La leggenda dei cinque fuggiaschi
La leggenda narra che in seguito alla distruzione del Tempio Shaolin ad opera della dinastia mancese Qing avvenuto nel XVII secolo, solo cinque monaci si salvarono e riuscirono a fuggire, adoperandosi per organizzare la resistenza al potere straniero e diventare gli ispiratori delle scuole di arti marziali cinesi.
Leggenda che ancora oggi è ampliamente diffusa e conosciuta e che colora di epicità la storia e le tradizioni della Cina.
Riferendosi a questo episodio leggendario Chang Cheh dirige un lavoro per la Shaw Brothers che costituisce il tipico paradigma dei film sulle arti marziali prodotti negli anni 70.
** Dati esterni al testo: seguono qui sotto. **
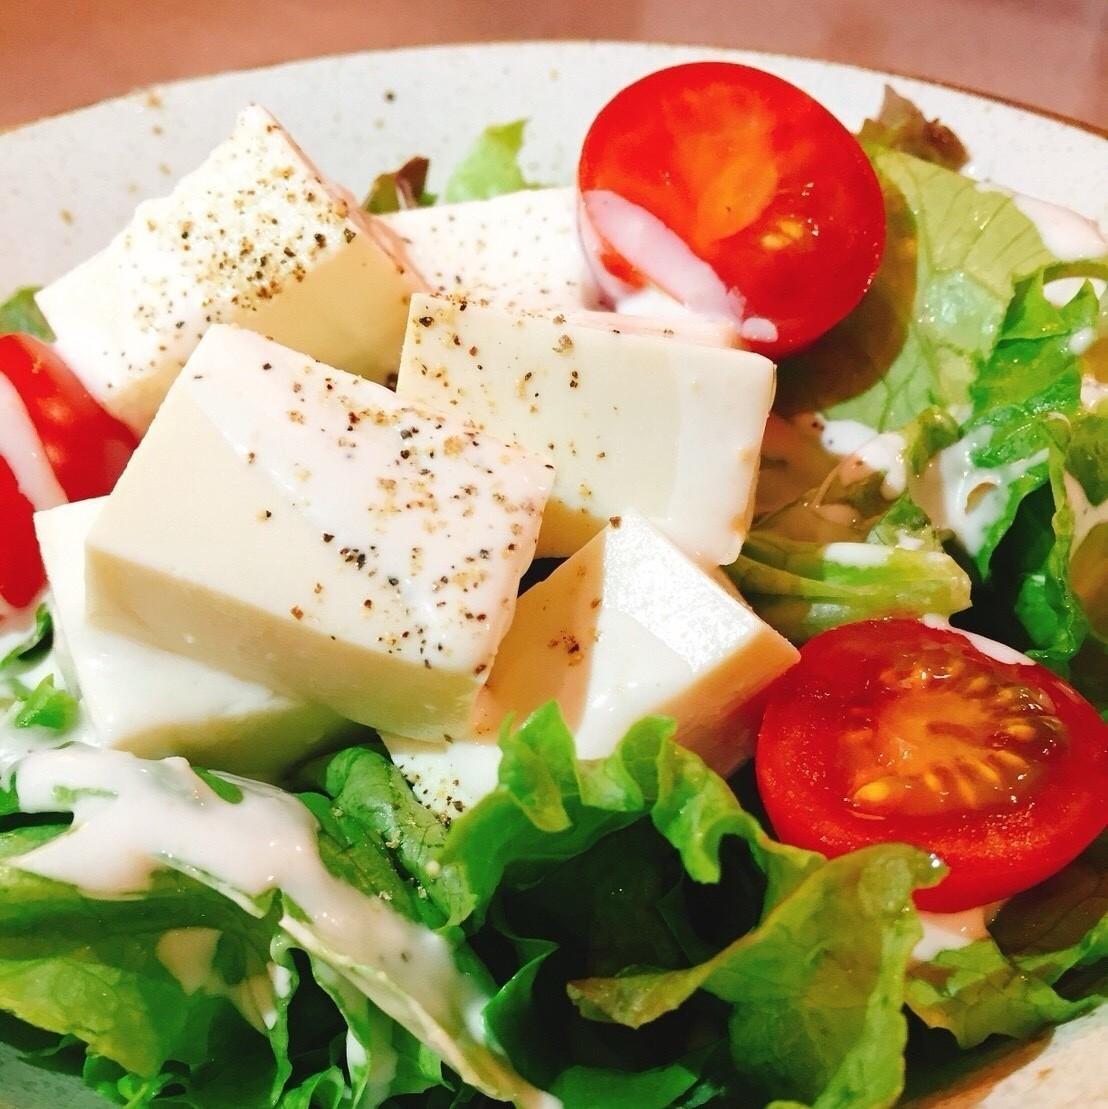 Caesar salad with Tofu at Nishida store

I cinque fuggiaschi trovano asilo presso le varie comunità Han che si oppongono al potere manciù e organizzano la resistenza contro un potere imperiale straniero che si avvale di maestri di arti marziali quasi invincibili grazie alle loro tecniche; consci di ciò i maestri Shaolin tornano nelle rovine del Tempio per perfezionare le tecniche che gli permetteranno di affrontare i maestri mancesi con la speranza di sconfiggerli.
Il film, molto più "tecnico" di altri lavori di Cheh, si regge su innumerevoli combattimenti, ottimamente coreografati da Lui Chiai Liang in cui tutti gli artisti marziali presenti mostrano le loro straordinarie qualità, rimanendo alla base del lavoro il concetto della lealtà e della rettitudine dei cinesi contrapposta alla barbarie degli oppressori; per fare ciò Chang Cheh caratterizza in maniera estrema i personaggi, tutti scolpiti in maniera netta tracciando una linea netta tra bene e male, giustizia e sopraffazione e al tempo stesso mostra una varietà di tecniche di combattimento che appare quasi come un compendio audiovisivo delle arti marziali.
Film quindi più adatto a chi preferisce l'azione e gli spettacolari combattimenti, lasciando in disparte altre tematiche (niente romanticismi, niente melò) e soprattutto indicato a chi vuole vedere all'opera una serie di attori-artisti marziali straordinari, da Alexander Fu Sheng (l'unico che cerca di metterci qualche pizzico di ironia) a David Chiang, da Ti Lung a Chi Kuan Chiun da Meng Fei al perenne cattivo Wang Lung Wei.
Un film anche questo, seppur meno bello di altri di Cheh, da mandare a memoria per potere apprezzare bene il fenomeno dei film sul kung fu che costituì l'asse portante della cinematografia di Hong Kong degli anni 70-80.
grandissimo cheh, questo film è un ulteriore esempio di quel cinema genuino, artigianale, che fece grande il cinema di honkong degli anni '70.
RispondiEliminaesatto Monsier, sta proprio nella genuinità e nella semplicità limpida il pregio di lavori come questo, oltre a risultare veramente un manuale molto ben fatto di tecnica.